Je n'ai pas fait de recherches sur cette question précise.
L'administration pénitentiaire a une doctrine de détection et d'évaluation de la radicalisation et d'affectation au sein des QER, à partir de notes. Notre rôle est d'émettre un avis personnalisé, fondé sur ce que nous savons et sur les informations qui nous sont données par l'administration pénitentiaire par l'intermédiaire des dossiers d'orientation et transfert (DOT), mais aussi, parfois, des commentaires du bureau anciennement SP1, sur les raisons pour lesquelles l'affectation en QER est envisagée.
Nous recevons un e-mail de l'administration pénitentiaire, avec les pièces d'information afférentes au dossier, qui est envoyé au JAPAT et au PNAT. Il n'y a bien sûr aucune concertation entre nous et le PNAT quant aux avis que nous sommes amenés à donner sur l'affectation en QER ; et, en effet, nous n'avons peut-être pas exactement les mêmes éléments d'information que lui.

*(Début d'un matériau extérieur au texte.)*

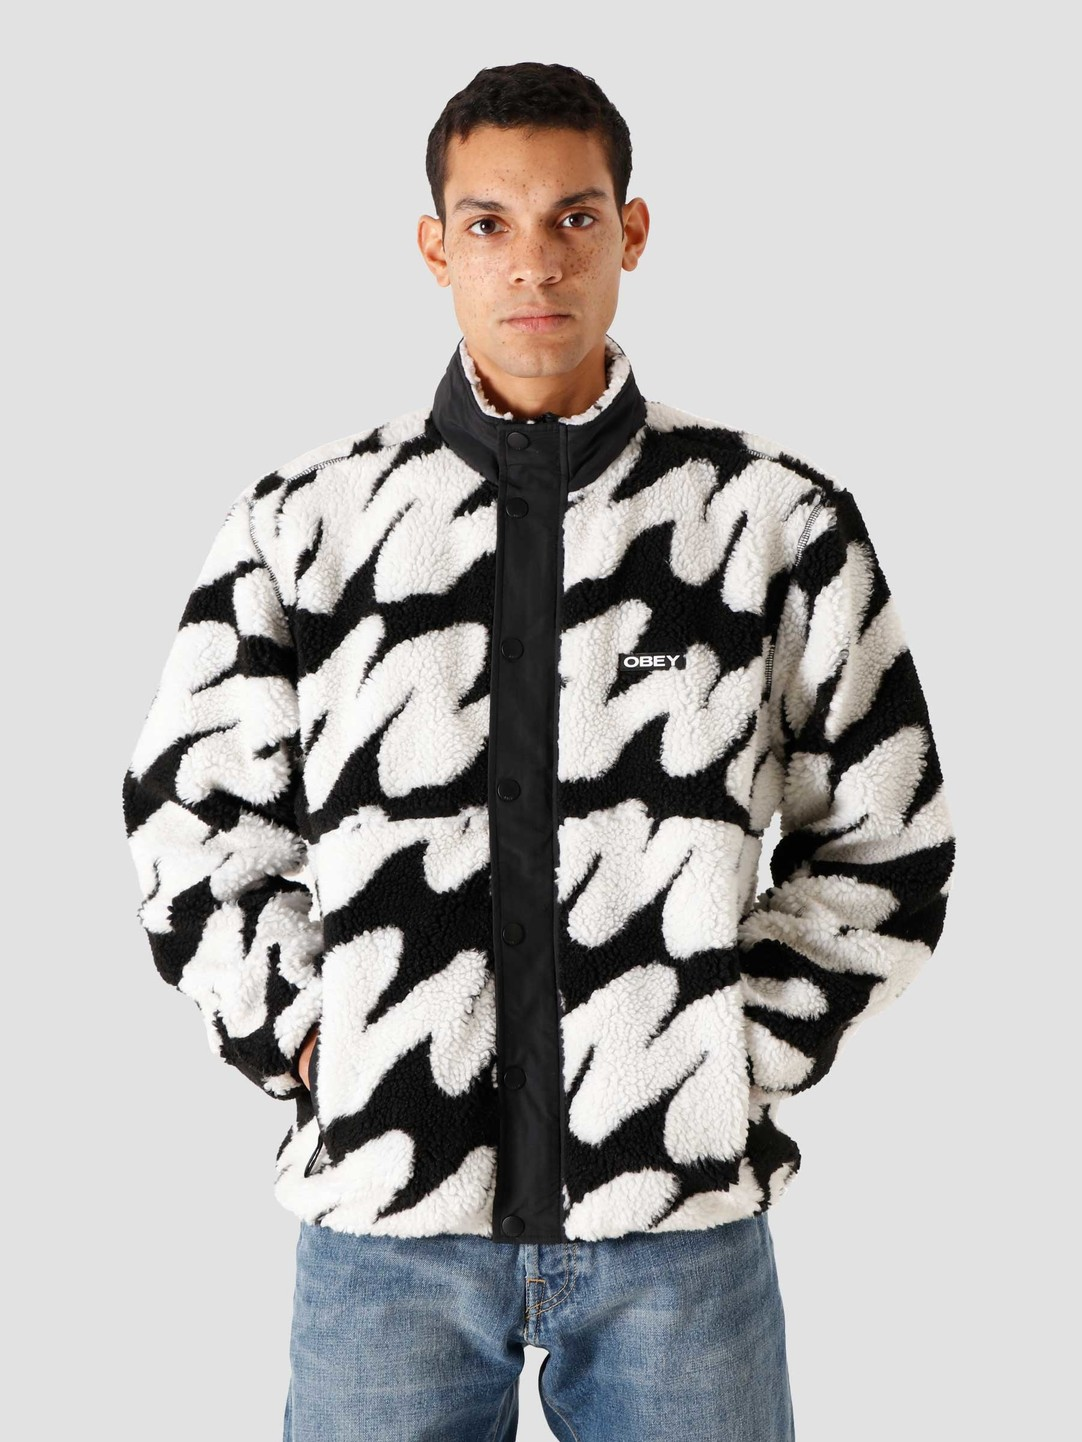 Obey Obey Hense Sherpa Jacket Jackets Black Multi 121800430BKM
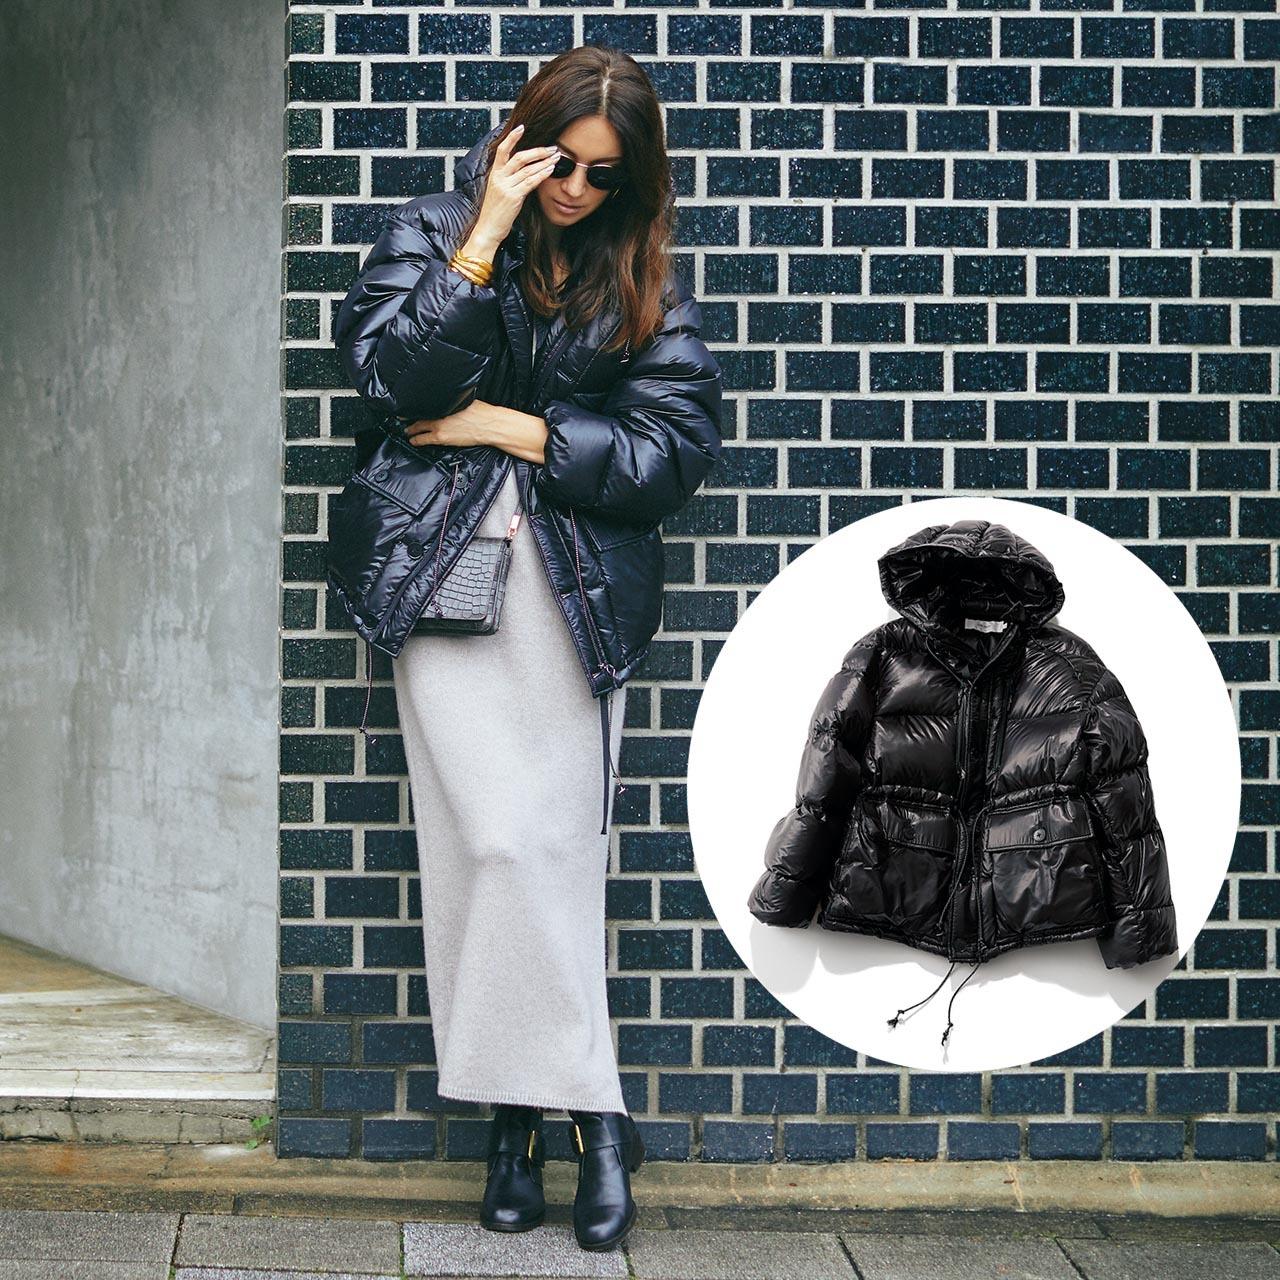 ダウンジャケット×ワンピースコーデを着たモデルのブレンダさん

Nous ne sommes pas nécessairement d'accord avec les conclusions de l'Inspection ni même avec la doctrine de l'administration pénitentiaire. Sur ce point, nous pouvons rejoindre le PNAT. S'il est un point sur lequel s'accordent les trois JAPAT, c'est la façon de considérer l'affectation en QER des condamnés qui présentent un profil relevant de la psychiatrie ou particulièrement instable, comme c'était le cas de M. Elong Abé en juillet 2019. En l'occurrence, cette affectation a été jugée peu opportune en raison d'un risque très élevé de déstabiliser la dynamique de groupe au sein du QER, de nuire à la qualité de l'évaluation et d'entraîner de graves problèmes de sécurité, notamment pour les personnels – l'agression contre un surveillant au QER d'Osny était encore très présente dans les esprits.
On nous rétorquera qu'il existe un moyen de résoudre la question de la sécurité, en plaçant un détenu à l'isolement au sein même des QER. Cela peut se faire pour des condamnés dont on estime que leur dangerosité empêche de les placer avec les autres détenus, mais cette option doit être réservée à des cas exceptionnels, car elle nous prive d'outils d'observation essentiels. Dans ce cas, en effet, la dangerosité et la radicalisation de la personne ne peuvent être évaluées qu'au moyen d'entretiens individuels avec l'équipe pluridisciplinaire, sans possibilité d'observer la détention dans le cadre de dynamiques de groupe – comportement en promenade, avec les autres détenus, lors des activités collectives – pour déterminer si la personne est un influenceur ou un influençable, si elle a du charisme, si elle est en mesure de faire du prosélytisme.
En juillet 2019, il a semblé à la collègue qui a rendu cet avis que le moment, alors que la fin de peine de M. Elong Abé était encore lointaine, n'était pas opportun pour envisager son placement en QER, malgré les avis favorables donnés au niveau local – où, à l'époque, je crois qu'on souhaitait surtout qu'il quitte l'établissement.
À ce moment-là, le fait qu'il ne soit pas évalué en QER ne posait pas réellement de problème quant à la gestion pénitentiaire d'une éventuelle dangerosité, puisque la décision a été prise de l'affecter à la maison centrale d'Arles en quartier d'isolement (QI).
À Arles, son comportement semble s'être amélioré, ou, en tout cas, stabilisé. Dès lors, nous n'avons jamais été saisis d'une nouvelle demande d'avis sur une affectation en QER – que nous avons toujours considérée comme utile et nécessaire compte tenu de son profil. Il restait suffisamment de temps pour l'observer en QI au sein du nouvel établissement et déterminer l'opportunité de cette évaluation. Elle nous paraissait indispensable puisque sa dangerosité n'avait jamais été évaluée, bien qu'il ait combattu en Afghanistan – ce qui implique qu'il devait être rompu aux techniques de combat –, qu'il ait eu un comportement très instable et qu'il ait présenté des signes de radicalisation islamiste en détention. Simplement, en 2019, le moment ne nous a pas semblé opportun.